John Maylan posted four images with the comment: "Bethlehem Steel Sparrows Point plant: Remembering the BOF slag tap cam. The pictures show the difference between slag and liquid steel at long IR waves so you knew when to drop the dart and not let slag thru. Also the tap hole."Steve Herrmann: We still use darts at the old inland plant. But the dart machine is automated.Danny Salisbury: If you had a sharp eye and a correctly maintained tap hole diameter you could pretty much tap a heat slag free. Was a combination of a good tap hole maintenance program and sheer talent by whoever was at the controls. Will say some people just never got the hang of it and needed a ball dropper or dart dropper for sure ????. I would have liked to experience taping at heat on both a BOF and an EAF with a slide gate. I was out of the steel industry before I got to experience it. Will say slide gates were a huge improvement over stopper rods on our steel ladles when I was at Mclouth Steel.John Gregory Pittman: We used the darts at Stelco Hamiltion BOF and one of my helpers refused to put the lid on the ladle after tap so didn’t rock the dart out he soon learned to put the lid on so he didn’t need to burn the dart out.
Richard Allison posted
I sure do miss this star on top of L Furnace at Sparrow's Point, former 2nd largest and modern blast furnace in North America.It is hard to believe they destroyed on of our best blast furnaces.Merry Christmas to current and past steelworkers and we hope for a better year and decade ahead.
Raymond Boothe: The L blast furnace was way too large for the existing Sparrows Point facility. With only a two vessel oxygen steel facility, the downsizing of the products produced at the plant caused a lot of the tonnage of iron produced to be sent to the Chicago area as pig iron to be sold on the open market.
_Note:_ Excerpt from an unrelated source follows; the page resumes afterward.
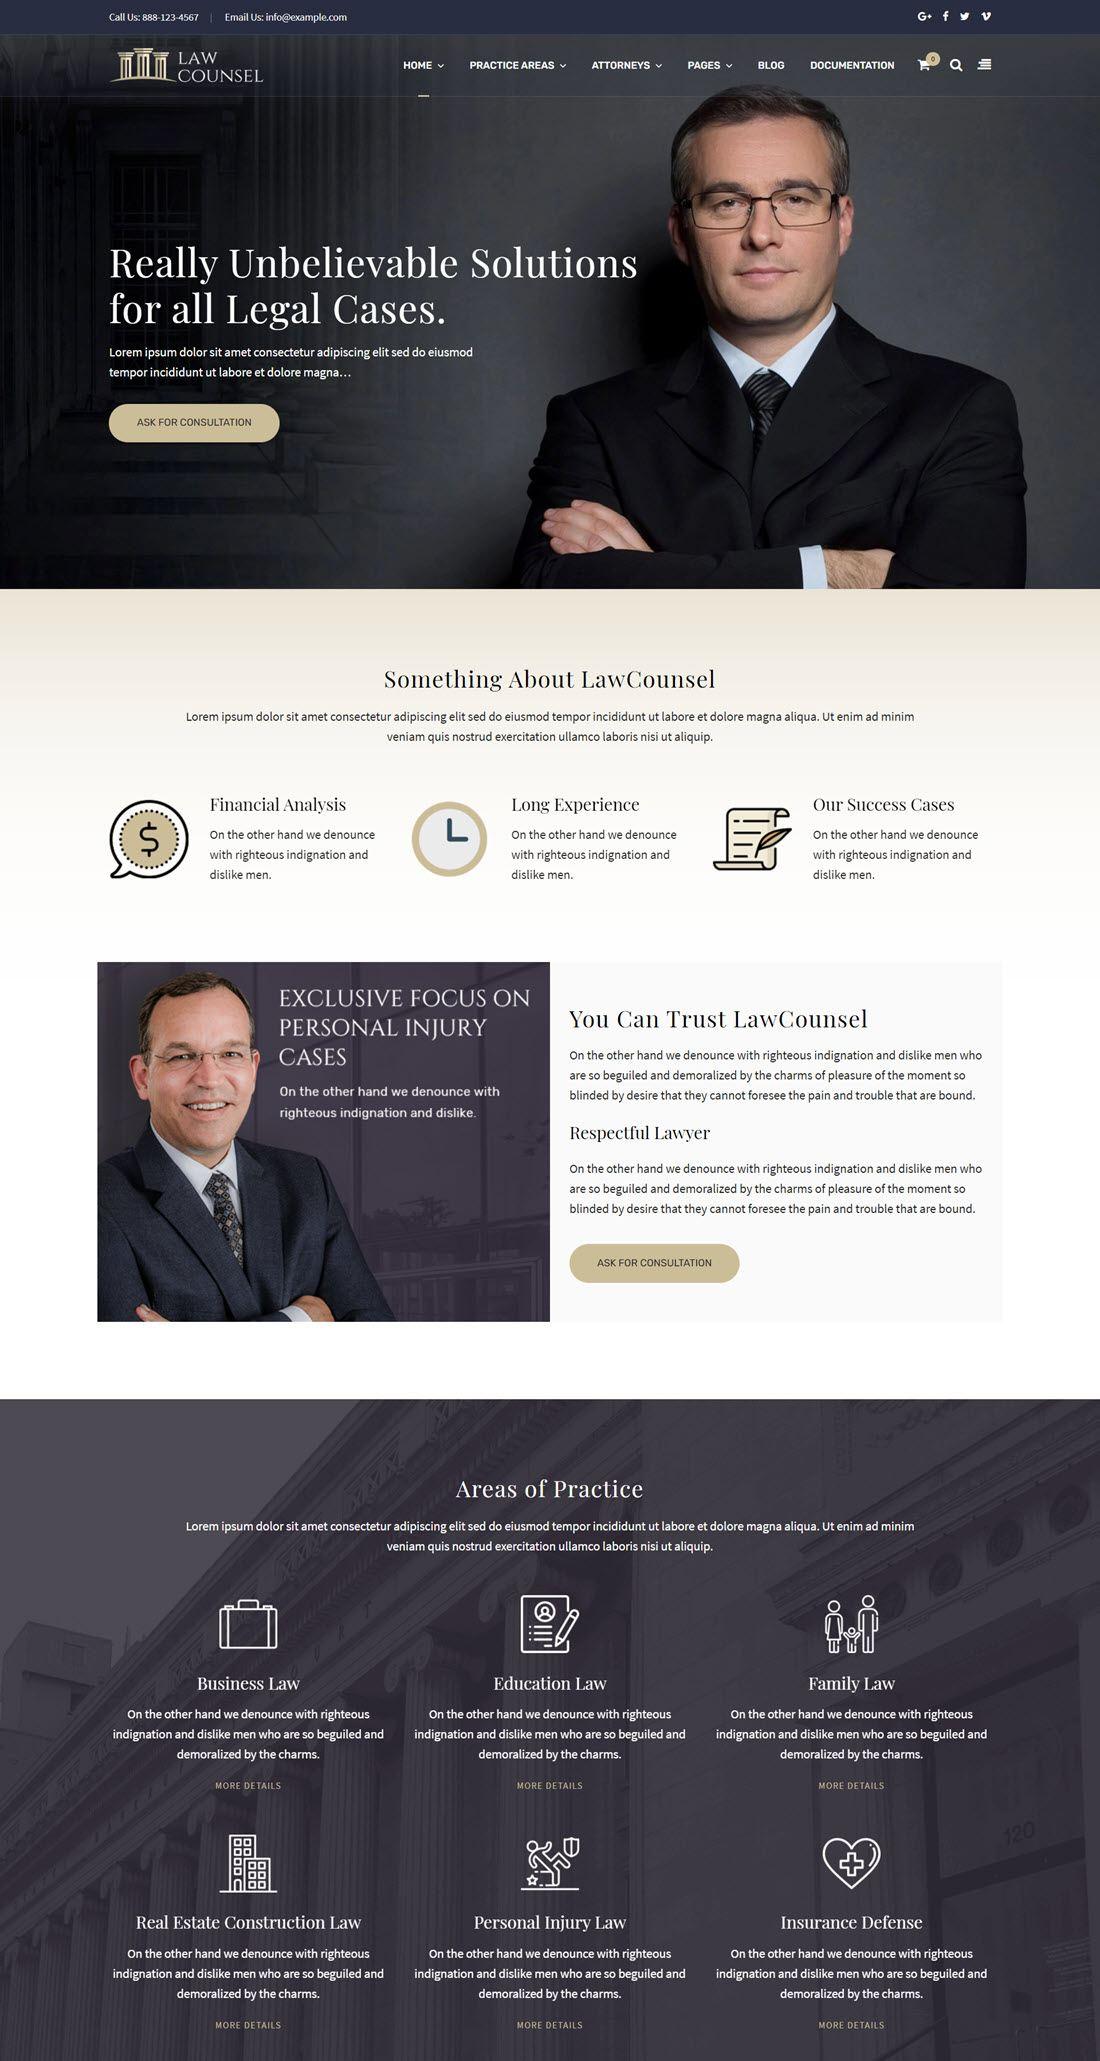 LawCounsel Lawyers WordPress Theme Screenshot
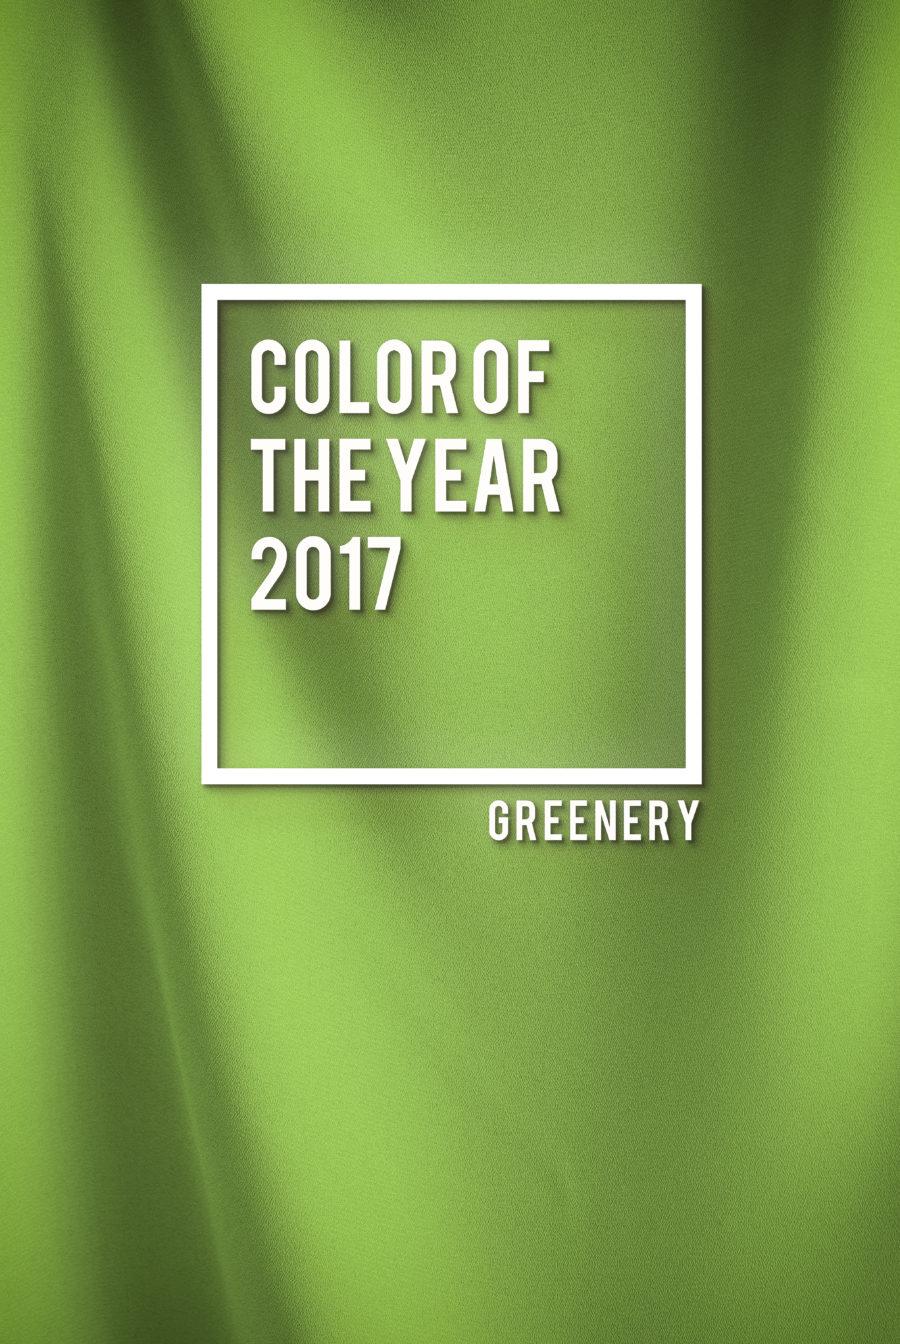 greenery farbe des jahres 2017 ana alcazar blog. Black Bedroom Furniture Sets. Home Design Ideas

They would have been better off rebuilding two of the two existing blast furnaces with one of the two held in reserve.
Raymond Boothe posted
Bethlehem Steel Corporation: Builders photo of the Bethlehem L blast furnace (Beth photo/Dr. Raymond Boothe collection).
Donald Dobbs posted
Skin mill at Sparrows Point (Tin Mill) around 1994 during an open house. Mill is running. That’s me kneeling down to talk to a little kid about making tin plate. Where are the safety fences! LOL, different times. Wish I had more photos from Sparrows Point, maybe someone in the group remembers this little rolling mill.
Eric Belcher: Nice old 4-hi mill. Too bad the kids didn’t get to see a mill cobble, that would have been fun!
Donald Dobbs: Funny, but I don’t ever remember a cobble on that mill. I’m sure we had them, but it was rare. The double reducing mill a little further down the shop, on the other hand...
Michael Matisko: Mesta Machine Company West Homestead, PA
John Moylan posted
Sparrows Point BOF Scrubber labeled. #4 scrubber wouldn’t fit...that's what she said. I took this picture for a training presentation. Spent many hours walking up and down the steps to rod taps and calibrate transmitters.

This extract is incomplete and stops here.